Leaders in the USA and other countries are deciding how to balance public health against economic pain. China’s numbers suggest that economic stasis can slow the infection. At what point does economic harm take precedence? The two are closely linked, especially in places with weak social safety nets; recessions bring lost jobs, homelessness, stress, anxiety, depression, etc. When health insurance is linked to employment, a recession means that society must pay for a pound of cure instead of an ounce of prevention.
The analysis above suggests that the “cost” of the flu (in life-years, not hospital bills or other expenditures) is about $60 billion/year in the United States, and the projected “cost” of the coronavirus would be on the order of $300 billion. These are not trivial numbers, to be sure, but for context, tax revenue for fiscal year 2017 was $3.32 trillion. On this basis, it might make sense to endure economic turmoil equating to a few weeks worth of tax revenue, but not much more/longer than that.
(edit 2020-03-19: Two UC Berkeley economists suggest having the government be payer of last resort to avoid mass unemployment.

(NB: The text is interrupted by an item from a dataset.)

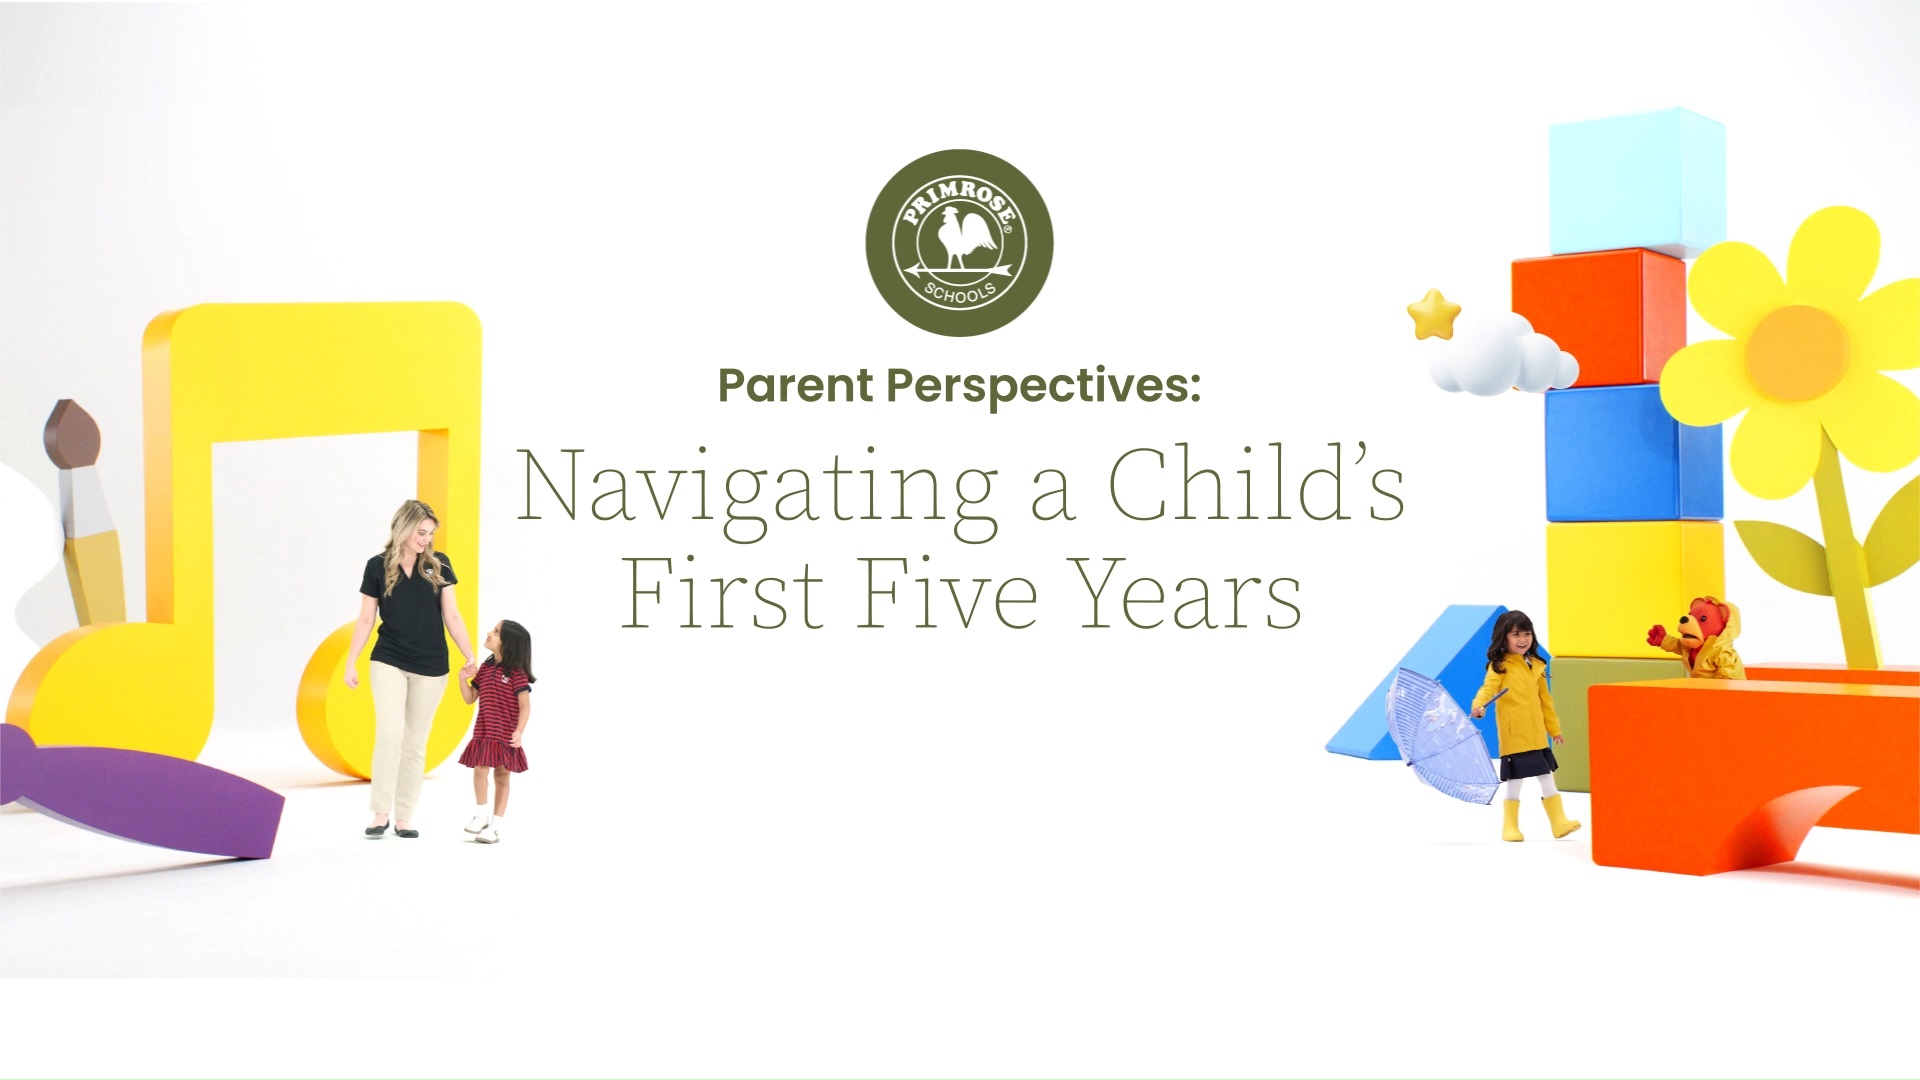 National Survey Finds 59% of Parents are Concerned about Their Child's Development

They estimate a hit to GDP of 7.5% per quarter, i.e. about half a trillion dollars per month, due to the direct economic fallout of social distancing, and estimate that the government’s preventative costs would be half that. Ray Dalio thinks that corporate losses will top $4 trillion.)
(edit 2020-03-20: To clarify, the point of this last section is not to suggest that an amelioration should be rejected because it is strictly more costly than one particular alternative projection. Obviously, there is room for reality to diverge from the above model by at least an order of magnitude. The point is to acknowledge the uncomfortable traffic between dollars and life-years, and use it as one lens through which to see the world.)
I admit, it’s a bit bananas to compare apples and oranges like this. But… fruit salad is delicious.